Юрий Семенович Манаков
Обронила синица перо из гнезда
© Манаков Ю.С., 2024
© ООО «Издательство «Вече», 2024
Часть первая
1
Каких-то пару недель минуло с того дня, когда старый закадычный друган и собутыльник Васька Ширяев, он же неумолимый для недобитого вражьего отребья начальник уездного Таловского ОГПУ, сделал своей правой рукой Никифора Грушакова, больше известного среди местных бергалов, как Кишка-Курощуп, из-за неодолимой с детства привычки поймать зазевавшуюся курицу и ощупать гузку – авось да выкинет тёплое парное яичко. Именно его, Кишку, как принародно с ревкомовского крыльца зычно объявил Василий Митрофанович Ширяев: «Я назначаю уполномоченным по изъятию у мракобесов церковных ценностей. Посколь-де, милаи, ваше времечко всё выпукнулось. Будем теперя Рассею проветрять от попов и присных».
Весело и задорно хохотали они тогда, поскрипывая новенькими, не притёршимися ремнями портупей на духмяных овчинных полушубках. Звонче же всех заливалась румяная тридцатилетняя бабёнка в утеплённой кожанке Аграфена Павловна Шерстобитова – с присохшим намертво прозвищем Фенька-Стрелок. Эту кличку она носила едва ли не сызмальства, еще с царского режима. А прикипела она к ней страшной кровью.
Дом их, ладно срубленный века полтора назад, стоял на высоком бережку говорливой Луговатки у поскотины, ближе к тёмно-зеленому пихтачу. Было Феньке пятнадцать годков от роду, но упругие грудки уже зазывно напрягали тесёмки сарафана, да и сама деваха слыла озорницей. Старшие братья не раз и не два ломали бока и выворачивали лапы на топтогоне шибко вольным плясунам, что якобы ненароком пробовали проверить на ощупь упругость выпирающих аппетитных холмиков их шаловливой сестрёнки. Сластолюбивых парней отваживали, Феньку в шею гнали домой, да вот уж год как братья сгинули в пекле мировой войны где-то под Перемышлем, то ли в плену у немцев, то ли убиты и засыпаны землёй на дне воронки на поле боя.
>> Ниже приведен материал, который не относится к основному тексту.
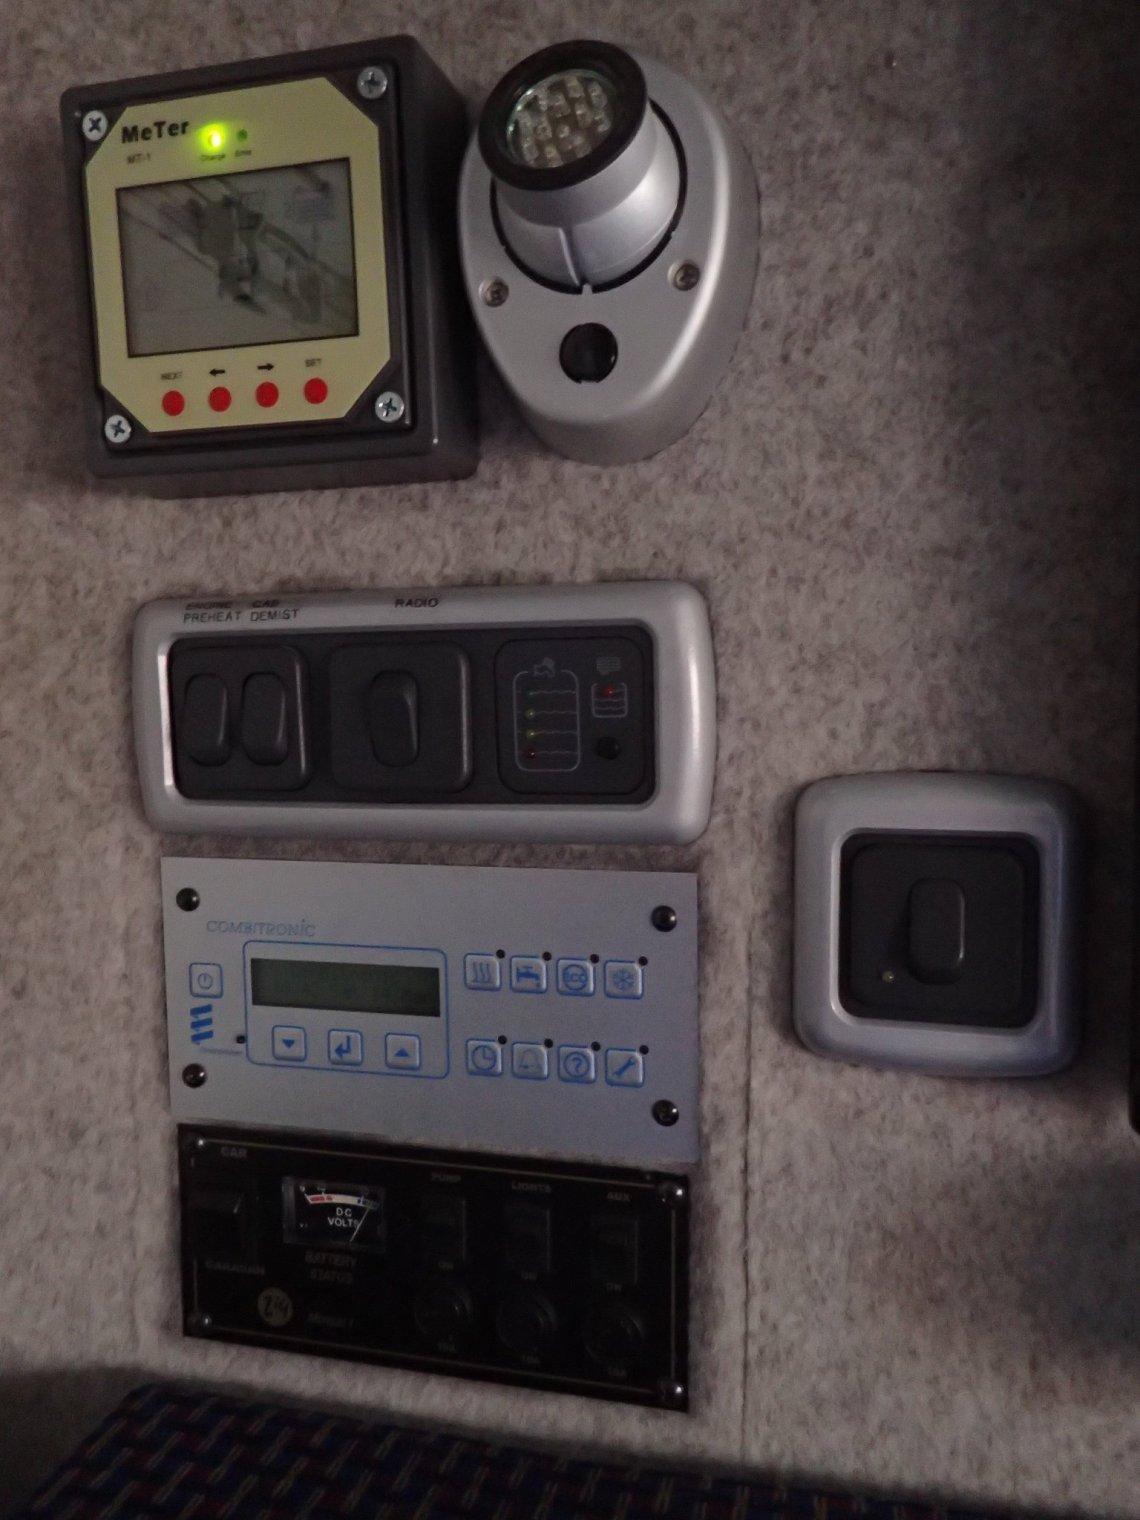 Control panels and LED light

Серенький, в полоску, тощий котёнок в закутке рядом с печью играл с клубком, еще утром оброненным торопящейся на базар тёткой Степанидой. До скрипящей широкой деревянной кровати ему и дела не было. Пружины скрипели размеренно и поэтому не пугали, а что до протяжных девичьих стонов, доносящихся сверху, из перин, так Тишка к ним уже привык: не впервой ведь, лишь бы потом, когда стоны стихнут, не зазеваться и не попасть под босые волосатые ноги с грязными ногтями, которые всегда неожиданно и страшно обрушивались с постели на пол. В открытое настежь окошко текли пряные запахи сена с августовских, выкошенных лугов, в избе было прохладно, дверь второпях так и не прикрыли, и легкий сквознячок гулял по дому. На стене над кроватью была распята медвежья шкура, пастью к раскрытому окну. На бурой шкуре поблескивала воронёным стволом, с переливающейся полировкой на цевье и прикладе, новенькая берданка. С проданных на базаре в Талове медвежатины, жира и желчи, денег хватило Павлу Никитичу Шерстобитову, отцу Феньки, аккурат на это вот ружьецо. Последний Фенькин стон был продолжительным, глубоким и сытным. Косматая потная голова очередного ухажёра Мишки Дергача в сладком изнеможении уткнулась в подушку рядом. Опамятавшая Фенька томно обвела взглядом избу. И тут-то её и ошпарило. В дверях стоял отец, грузно прислонясь к косяку, и вцепившись от растерянности в густую, с проседью, бороду узловатой пятерней правой, тяжёлой руки.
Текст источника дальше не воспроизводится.